Your goal:
Using the records below, repeat exactly the lines from the one holding "Galilea Montijo on" through the one holding "Lächelnd jungen Mann", both ends included, and no others.

Input data:
"""
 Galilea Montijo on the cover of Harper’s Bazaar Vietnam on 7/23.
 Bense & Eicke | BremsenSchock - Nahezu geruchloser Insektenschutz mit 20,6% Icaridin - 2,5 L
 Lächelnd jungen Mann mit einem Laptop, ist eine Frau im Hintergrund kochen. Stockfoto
"""
"""
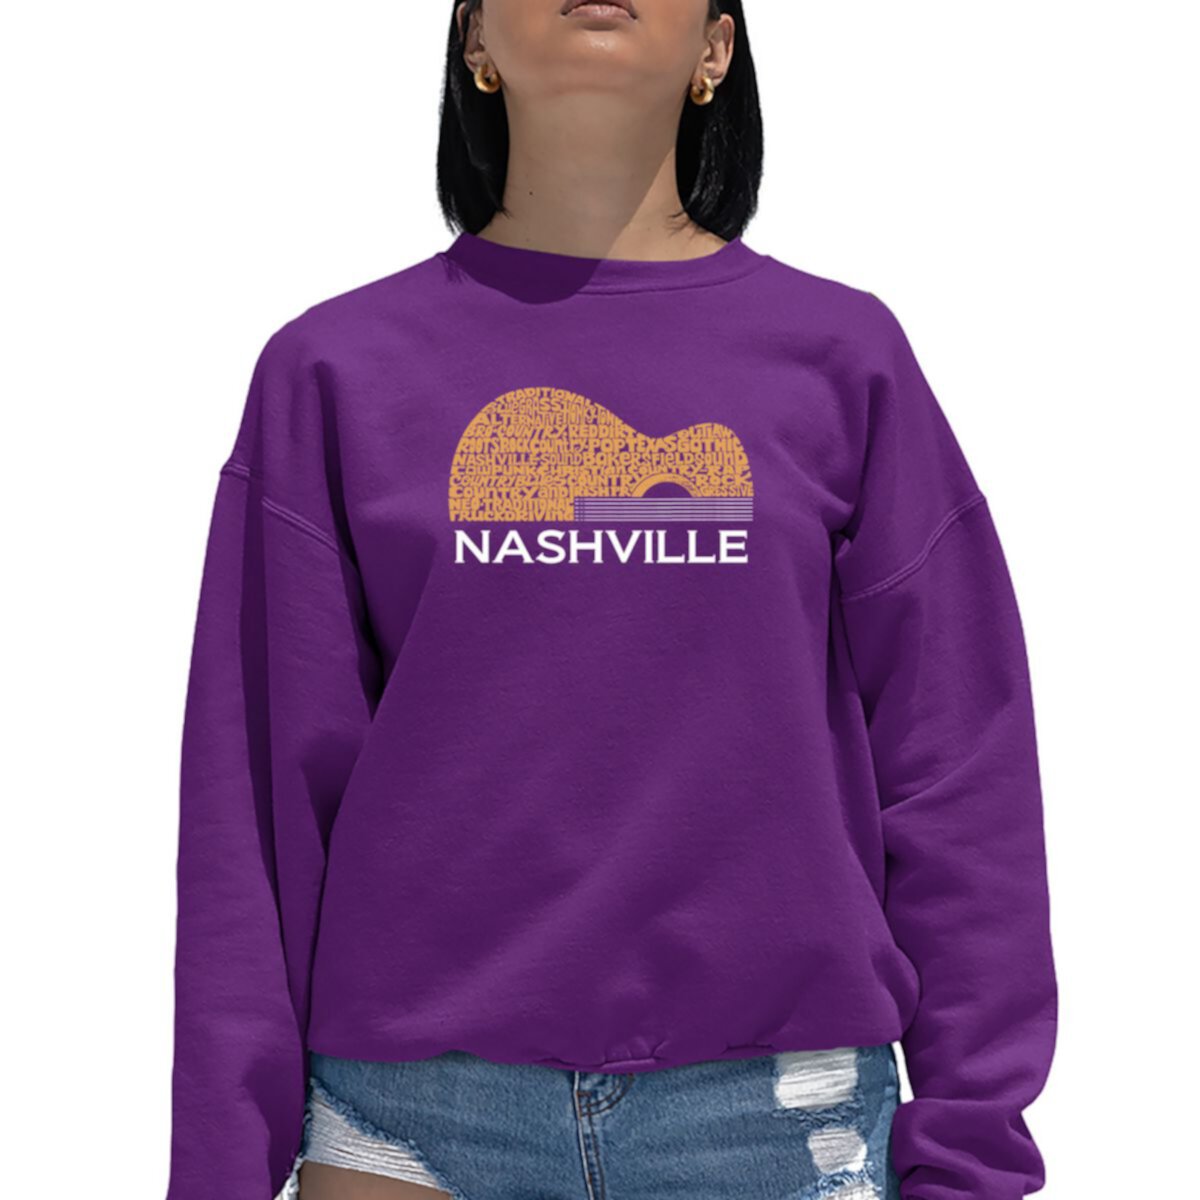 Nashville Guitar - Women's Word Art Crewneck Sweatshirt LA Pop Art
"""
"""
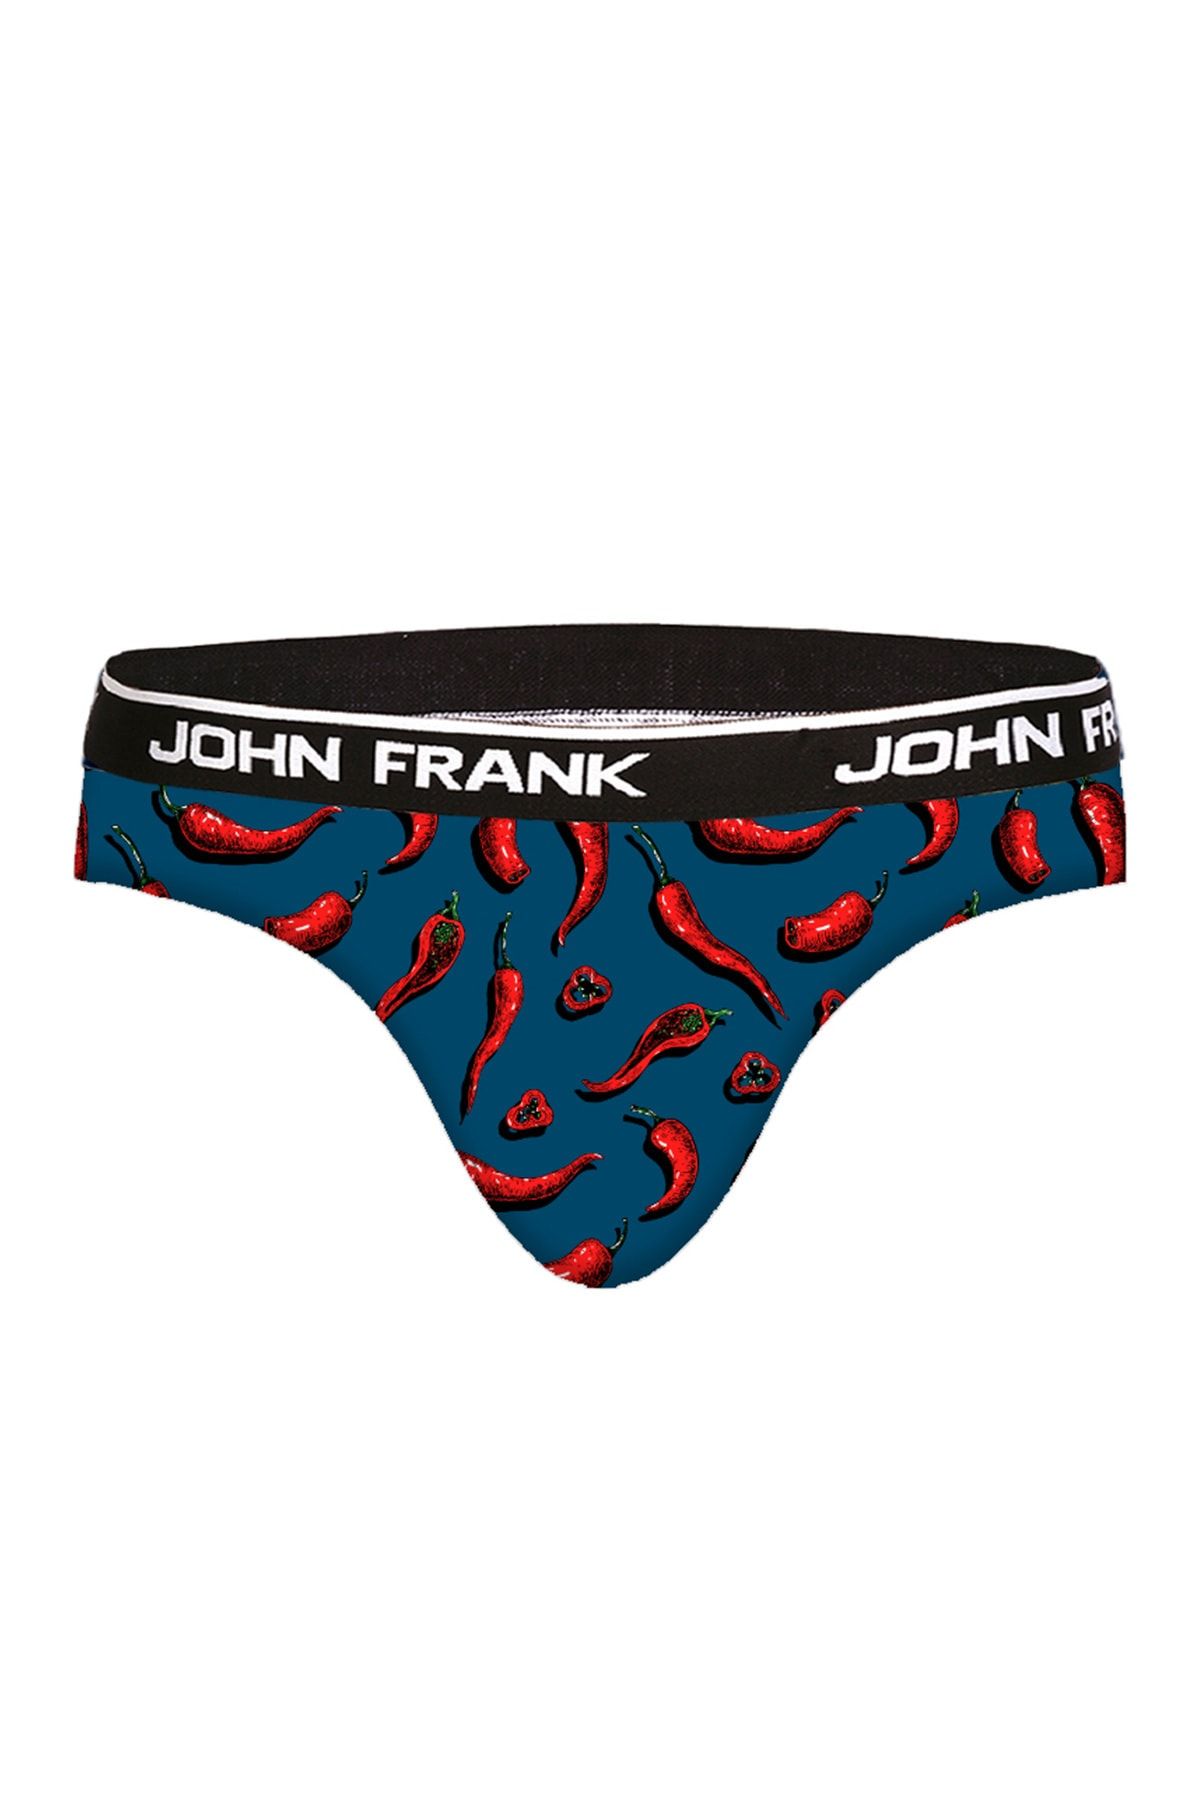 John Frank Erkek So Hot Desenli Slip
"""
Solution below:
 Galilea Montijo on the cover of Harper’s Bazaar Vietnam on 7/23.
 Bense & Eicke | BremsenSchock - Nahezu geruchloser Insektenschutz mit 20,6% Icaridin - 2,5 L
 Lächelnd jungen Mann mit einem Laptop, ist eine Frau im Hintergrund kochen. Stockfoto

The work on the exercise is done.